Только начав готовить космонавтов в дальние и длительные космические полеты, проводя испытания в условиях герметичной кабины, имитирующей кабину межпланетного корабля, изолированного от земной атмосферы, поняли наконец, да и то далеко еще не полностью, эту насущную необходимость именно в том газовом составе воздуха, который существует в земной природе.
Конечно, еще задолго до этого было известно, что без воздуха человеческий организм не может прожить и пяти минут, что три минуты спустя после того, как кровь перестает поставлять кислород организму, умирают клетки мозга. И часто бывает так, что врачи делают чудо, оживляя умершее тело, и человек живет, но он уже не человек и даже не просто животное. Слишком поздно пришла помощь, клетки мозга умерли, и чудо превратилось в чудовище. Но в общем-то при этом считалось, что природный воздух всегда можно заменить, скажем, искусственно вырабатываемым кислородом и большой беды от этого не будет. Даже, наоборот, будет лучше, поскольку больным в тяжелейшем состоянии помогает выжить дыхание из кислородных подушек.

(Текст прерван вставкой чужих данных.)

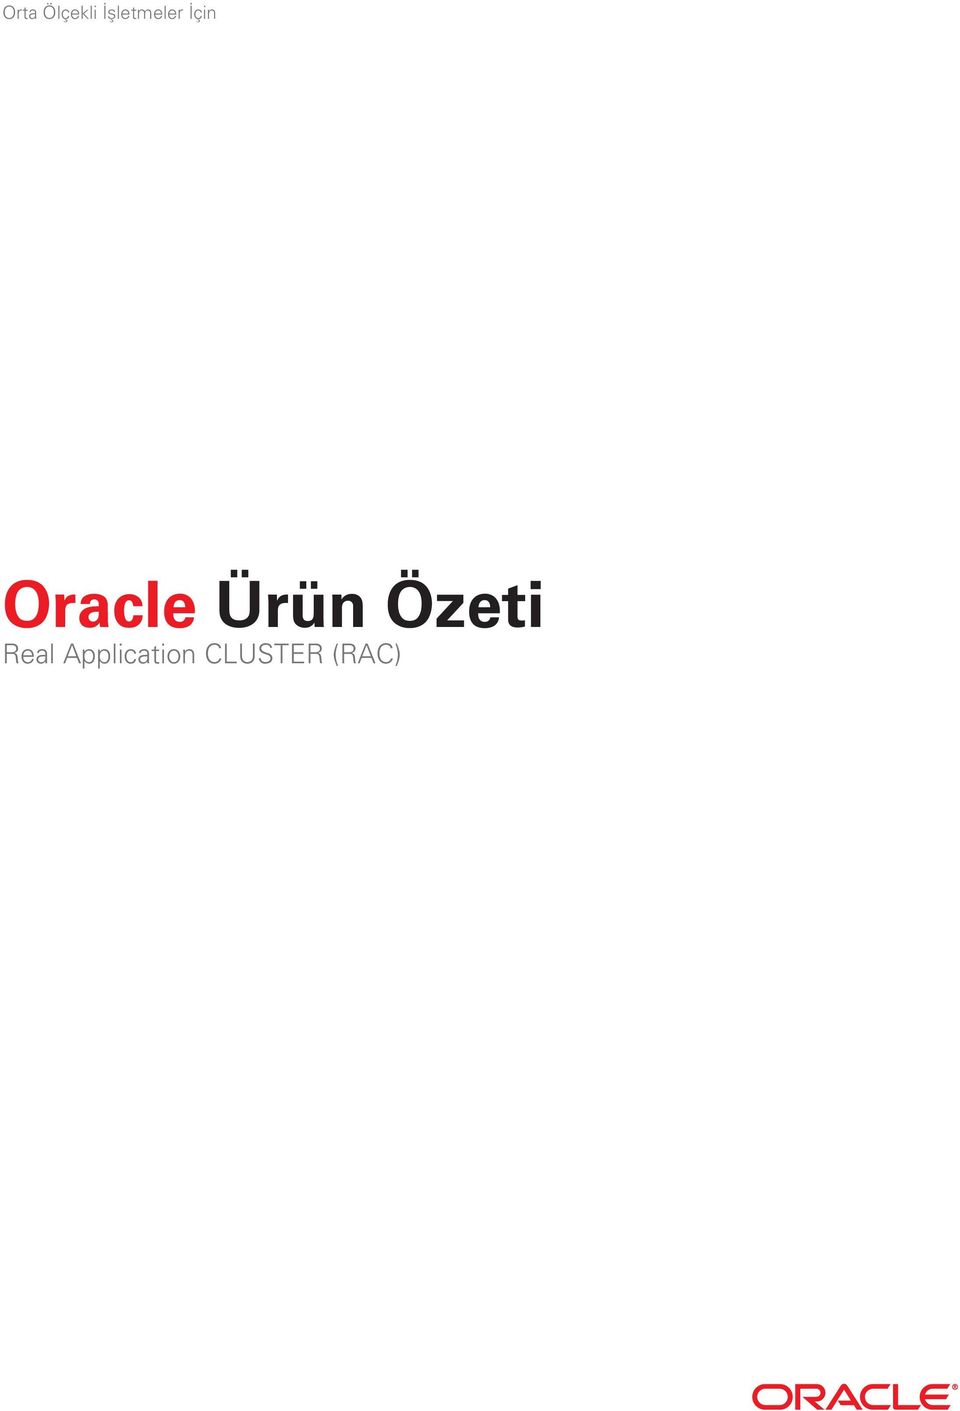 Oracle Ürün Özeti

Все оказалось не так, когда начались длительные эксперименты с участием добровольцев. «Если непрерывно, в течение многих часов, дышать чистым кислородом при обычном атмосферном или повышенном давлении, то развиваются признаки кислородного отравления, – пишет профессор В. И. Яздовский. – Появляются загрудинные боли, кашель, нарушения сердечной деятельности. Если не принять срочных лечебных мер и не извлечь организм из подобной кислородной среды, развивается отек легких, который может привести к гибели человека» (Яздовский В. И. Искусственная биосфера. М., 1987, с. 40.). Научными исследованиями установлено, что уж коли нельзя по каким-то причинам иметь в составе вдыхаемого воздуха нормальный природный процент содержания кислорода, то он ни в коем случае не должен превышать естественное соотношение более чем вдвое. И в то же время «без специальной тренировки, – говорится там же, – человек начинает испытывать признаки кислородной недостаточности уже при снижении парциального давления кислорода во вдыхаемом воздухе на 15–20 процентов» (Яздовский В. И. Цит., соч., с.40.), а потому «нижней границей допустимой концентрации кислорода в искусственной атмосфере кабины космических кораблей нужно считать концентрацию естественной земной атмосферы на уровне моря».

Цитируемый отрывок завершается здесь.